Friday, April 23, 2010

40 weeks

Happy Due Date, Olivia! Now...it's time for your birthday:)

Even though her birth is impending (whether it be today, tomorrow, or Sunday at her induction), it almost doesn't seem real. I can imagine what it 'might' be like to see her for the first time, and what she 'could' look like, but it seems so out-of-body to imagine this is REALLY all about to happen.

You spend so much time anticipating getting pregnant. Then you worry for the first 12 weeks about having a normal pregnancy, and then the next 12 weeks you spend thinking about everything you have to do to get ready for this new person you are bringing into the world, but it still seems so far away. And THEN, one day, you are here. Big, uncomfortable, and anxious just waiting for the pain that says "it's time" or for the clock to tick down to your scheduled induction.

We have exactly 2 nights, or less, in this house as it is. Starting next week we'll have another person that LIVES here. I swear, for something so common, and natural, it seems so abstract to me.

Can't wait to meet my baby...

Wednesday, April 21, 2010

Ok, so as of Monday I am 4 centimeters dilated and all the way effaced. Thats right, 4 whole centimeters.

We have an induction scheduled for Sunday night at 9pm, but I'm really hoping we don't need it. The doc said given my stats that I'm not increasing my risks for anything, c-section included, by inducing before the traditional 10-days are up. In fact, she thinks either way its going to go pretty fast given all the progress that I've made on my own. I just would prefer Olivia decide its time on her own, but if she hasn't made that decision by Sunday it looks like I'm going to have to make my first motherly executive decision.

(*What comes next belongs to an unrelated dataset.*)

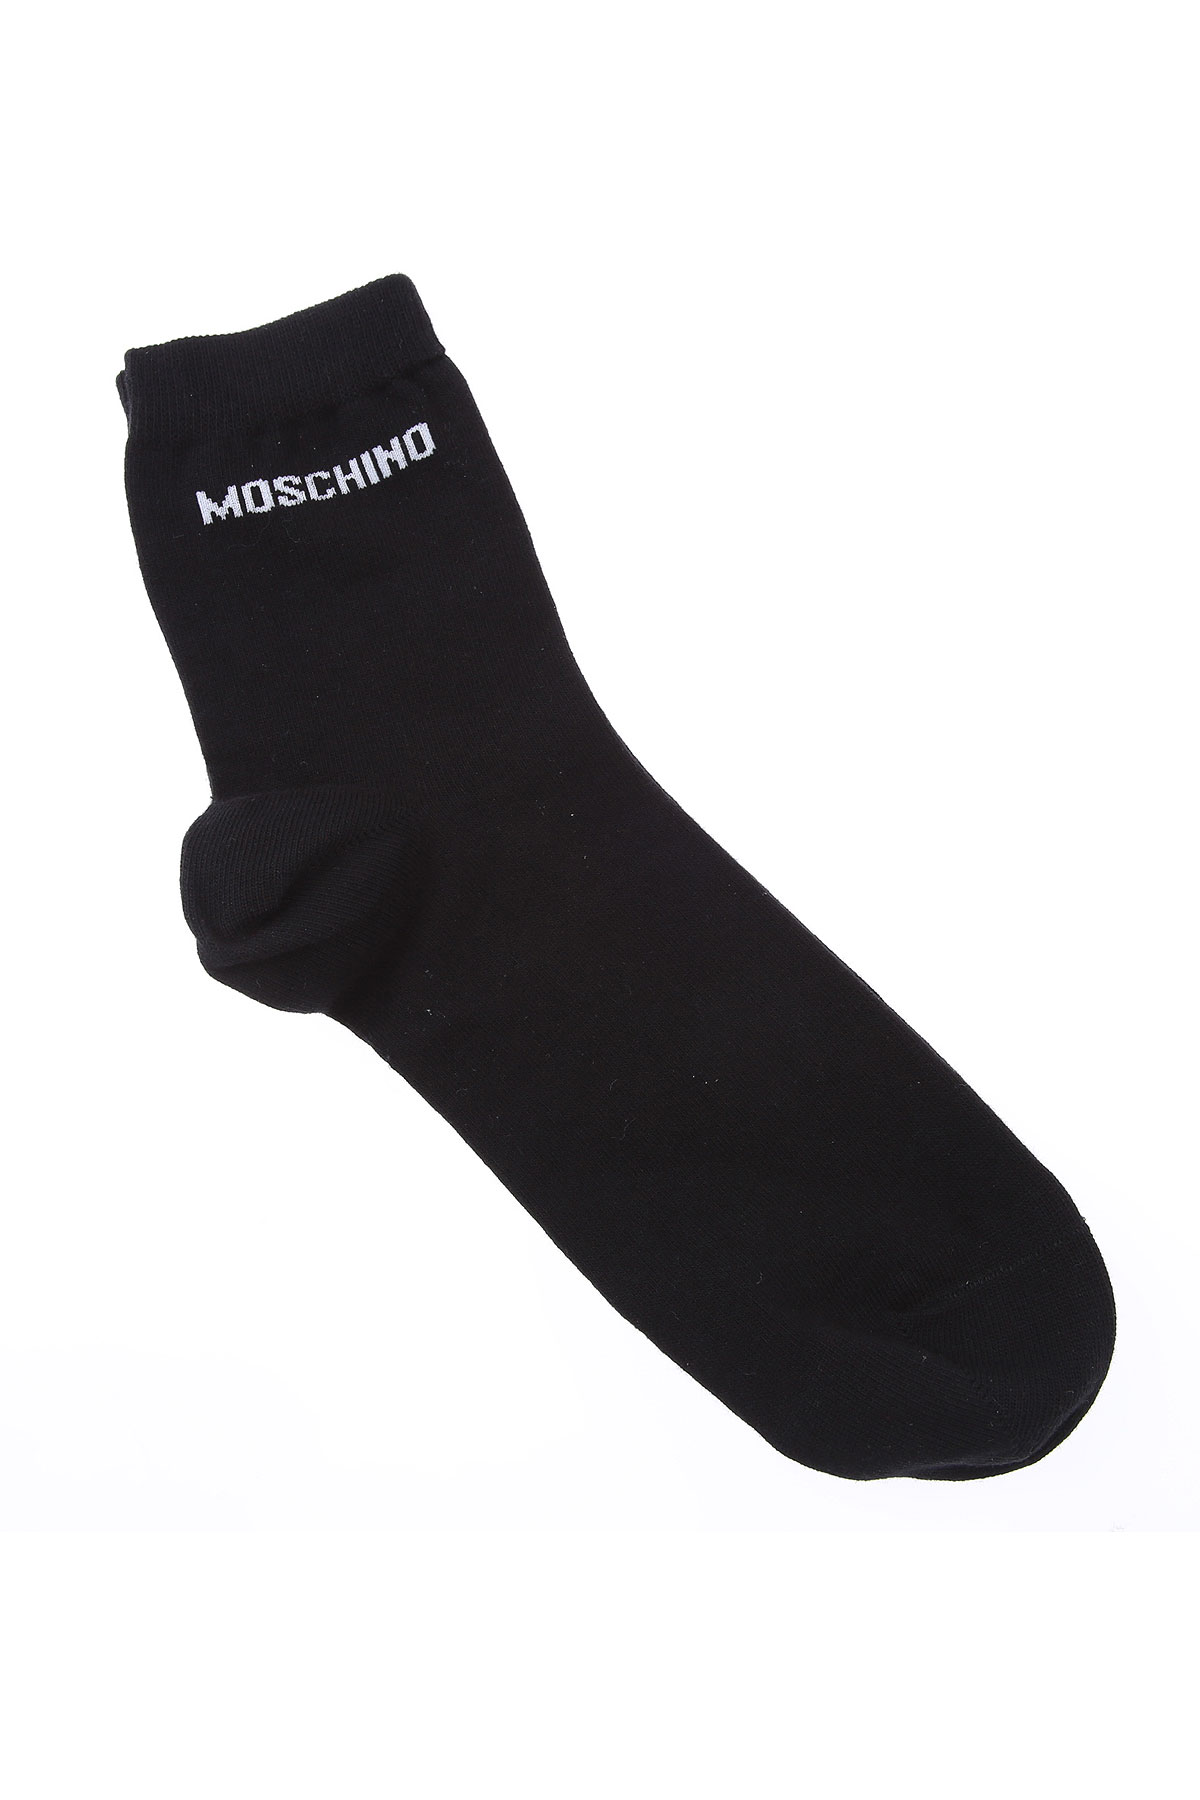 moschino mens socks

So, here I am, on Wednesday, just waiting...and waiting. This part is hard! I feel like a ticking time bomb. The planner in me is freaking out. What if Kyle is in a meeting and my water breaks? What if I want to run to the store and my contractions start? Yeah, I am known for over-analysis -- this situation is definitely not exempt.

Soon. Soon...

Thursday, April 15, 2010

Ok, so I'm now almost 3 centimeters dilated and nearly ALL the way effaced. I'd say it's time, right?

I finished my last night of class last night and tomorrow is my last day of work. Of course, now every little pain I feel I'm sure its labor. I'll know for sure, right? Thats one of my biggest fears. I've had so many Braxton Hicks that I fear I won't know the difference. I hope my water breaks. Not just because that means Olivia will be on her way, but because it's a sure fire sign it's time!

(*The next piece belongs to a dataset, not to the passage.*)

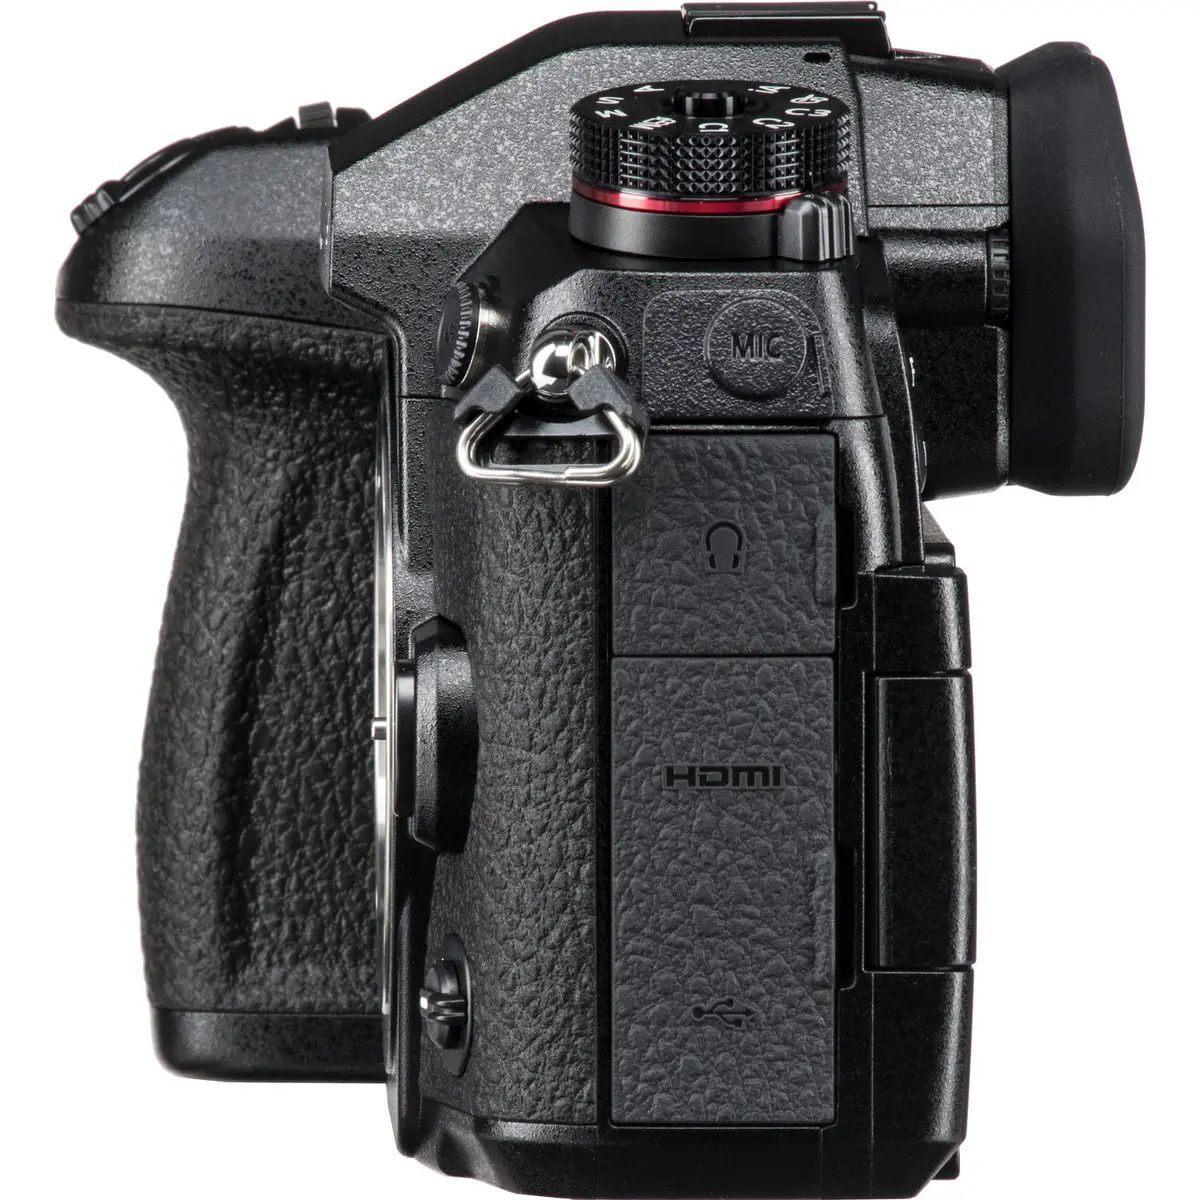 6. Panasonic Lumix DC-G9 Body Camera

Doc had me schedule an induction...just in case. She says since I'm already so far along on my own she would feel comfortable doing it as soon as the weekend right after my due date. So, for now, we have an induction scheduled for next Sunday, April 25. I REALLY don't want to have to use it, but her next suggestion was April 30 so the 25th sounds pretty good in comparison.

Monday, April 5, 2010

Is it too early to be impatient? We still have the better part of 3 weeks left and truthfully, right now, that seems like an eternity.

Went to the Doc this morning. Apparently I'm 90% effaced now, but still only 1 centimeter dilated. She said that could mean soon or it could mean "a few days after my due date". Huh? Late? Ick.